Throughout this experiment, I investigated if I could find a circuit for the task of contrasting adjectives when presented with opposite nouns. I was able to isolate a large amount of computation happening in layer 9 and 10.

Before layer 9, most of the computation is being done on the first adjective and the "but" token, mostly by MLPs which seem to be processing the adjective and figuring out a potential opposite.

Then at layer 9, all of the information is moved from the first adjective to the final token and both attention and MLPs are fired in layer 9 and 10. Layer 9 head 7 makes the largest logit difference across all metrics except "attention/QK", which means I believe that is where the opposite is chosen based on the processing done in that layer and previous layers.

Overall, this seems like just the start of trying to uncover a circuit and I would need to dig even deeper by analyzing way more prompts.

I spent a lot of time trying to come up with better prompts and debugging errors in my prompts like different token positions etc. Throughout this process, I discovered gpt-2 small is very context dependent.

For instance, for the majority of the research I had my prompt look like:

    "A mouse is small, but an elephant is"

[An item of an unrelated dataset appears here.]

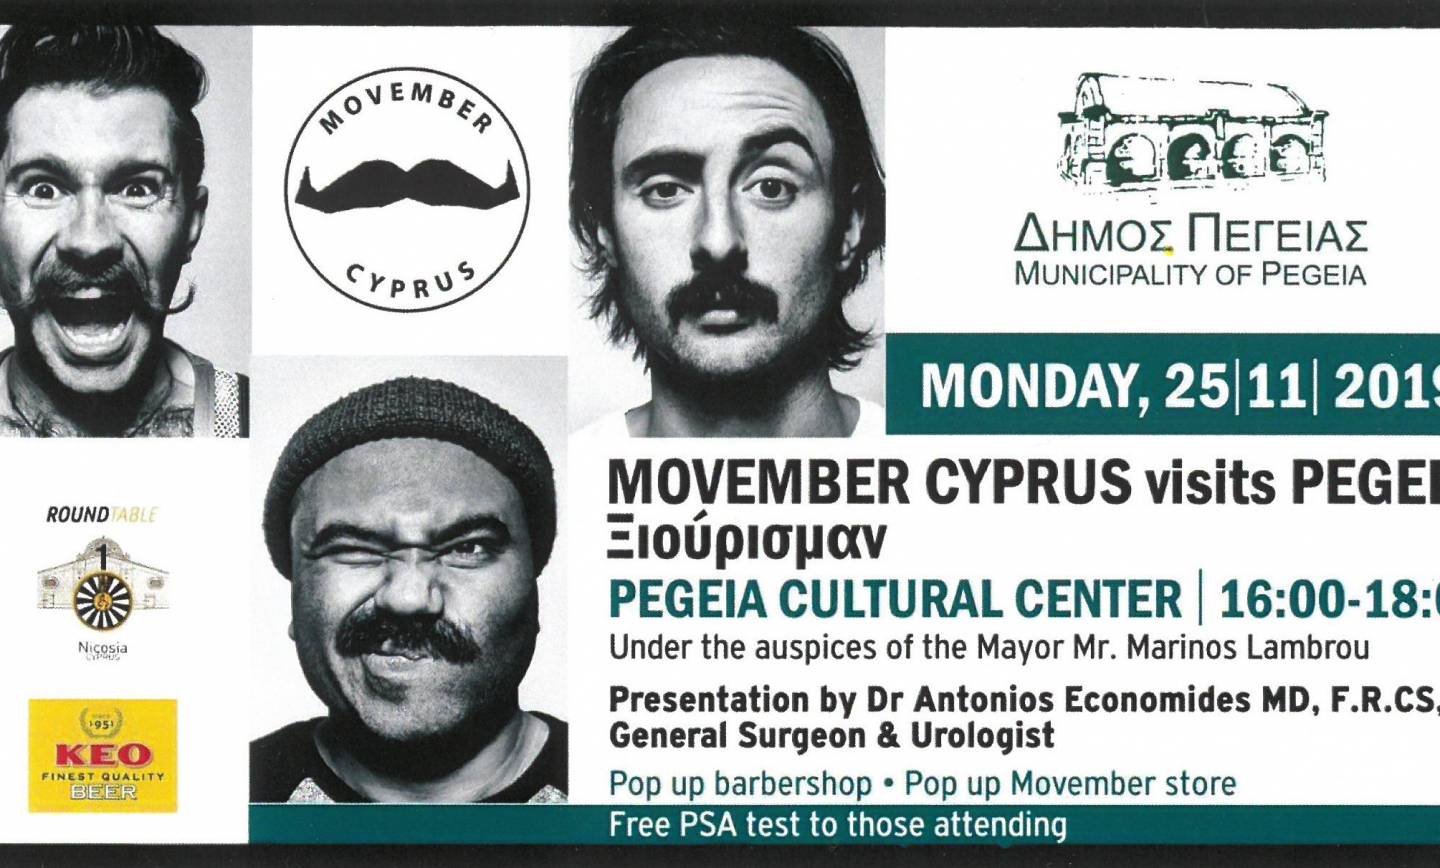 MOVEMBER CYPRUS, ΔΕΥΤΕΡΑ 25/11/2019 ΣΤΗΝ ΠΕΓΕΙΑ
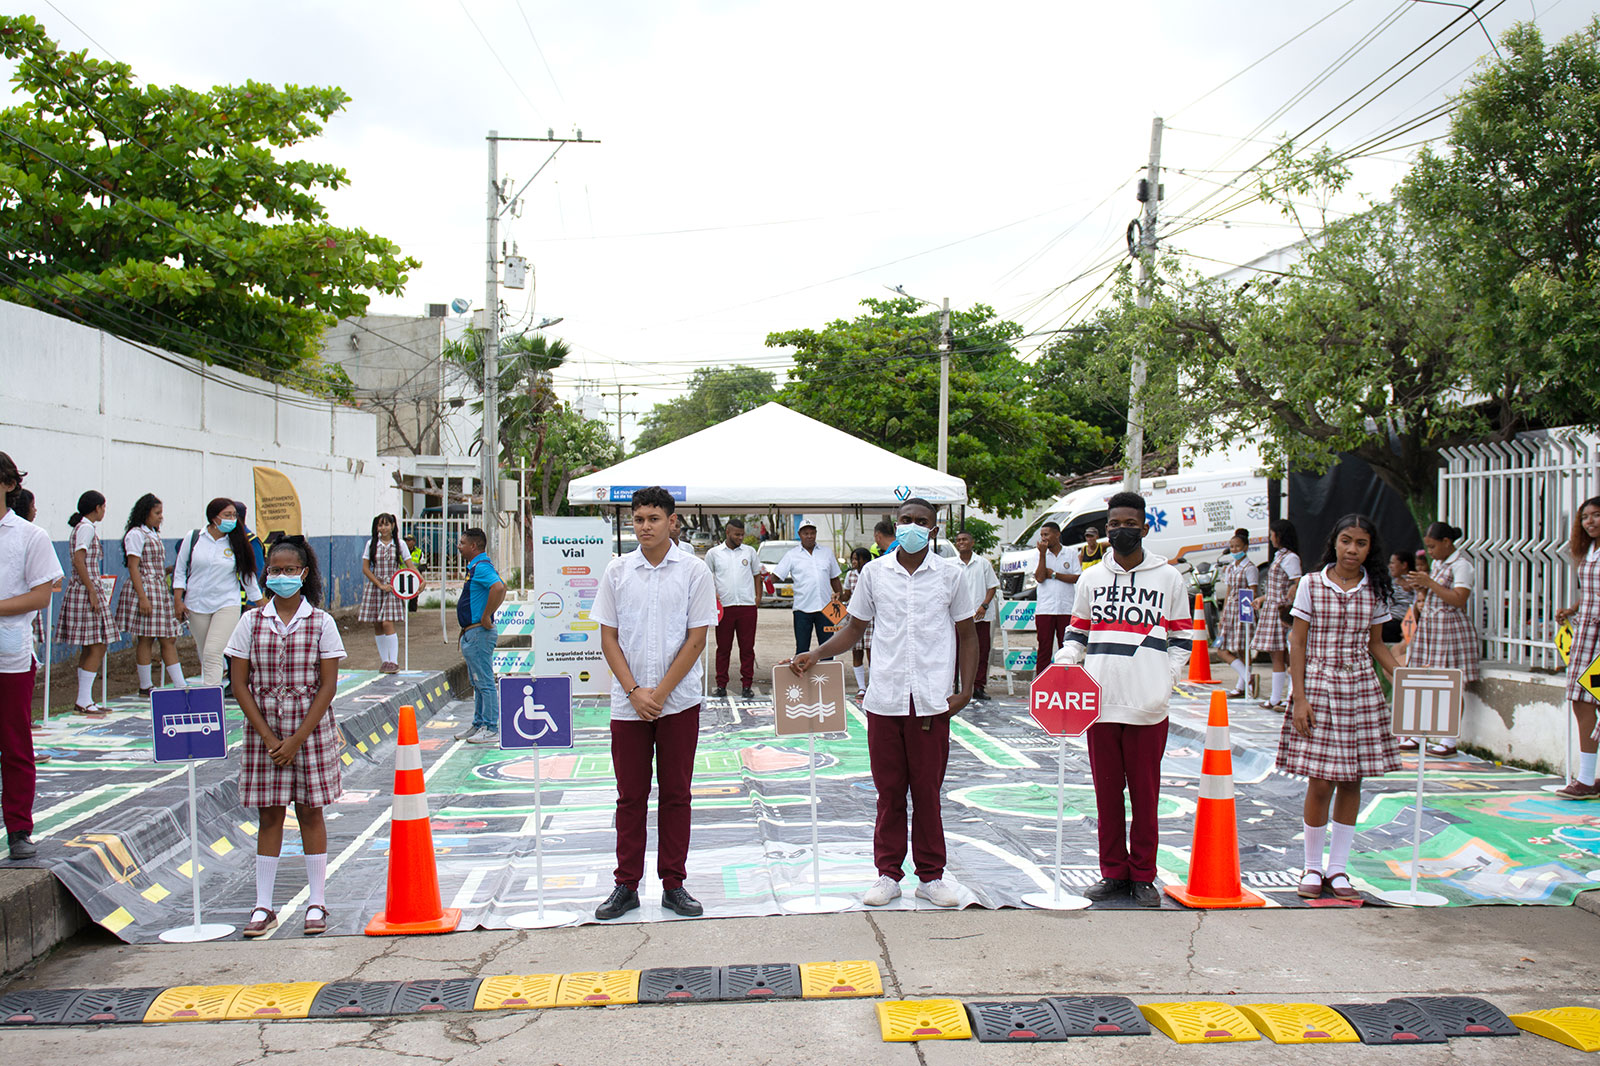 The road safety event at the Colegio Pedro Romero School.

However, I decided to remove the comma because it was weird to me how the comma was being attended to more than the 'but' and even more than 'mouse' most of the time. Then my new prompt was

    "A mouse is small but an elephant is"

and I had a 0.7 improvement in logit difference across prompts. Just by removing the comma!

I believe this task wasn't the best because there are multiple things that go into the token prediction like noun adjective association and understanding the sentence is comparing opposite adjectives.

### Areas of Improvement:

I feel like I lacked a lot of the intuion to understand what different circuits were doing on a fundamental level. In the EAD colab, which I followed closely to get up to speed on this code, conclusions are made about which heads do deduplication and I wasn't able to understand how they figured that out and then apply that methodology here. In this research, I felt like I was doing a lot of guessing about what's going on, which is necessary to some extend. I'm looking forward to having my intution improve from either mentorship or just putting reps in.

In addition, I'm excited to learn about how these type of experiment results (or more robust results like the Interpretability in the Wild Paper) get unified in a broader understanding of the gpt-2 small model and LLMs in general. Part of me feels like there might be all this specific, niche work going on but no way to unify all these learnings so that all researchers might better get a global view of the model. Maybe an idea for this could be implemented in the TransformerLens Library.


## Exciting other experiments

After reading the *Beyond A: Better Planning with Transformers via Search Dynamics Bootstrapping* paper, extremely motivated to see if we can use these mech interp techniques to uncover the types of algorithms that the model is learning.

After doing this excersise and immersing myself within alginment and interpretability for a short time, I believe the key to many scientific and mathematical discoveries are hidden within LLMs and their internal algorithms. Sometimes these algorithms are probably not optimal or correct, however other times, in the case of search, it seems that large language models are innovating on our best approaches like A*.

I would first like to start by investigating how models think about sorting, CS 101. I think because it is multi token output, it will be a lot harder than the excersise above or IOI but I'm sure we can reveal some interesting dynamics about how different sized models sort (I assume Gpt2-small is either incapable or does some algorithm with similar efficancy to bogo sort lol).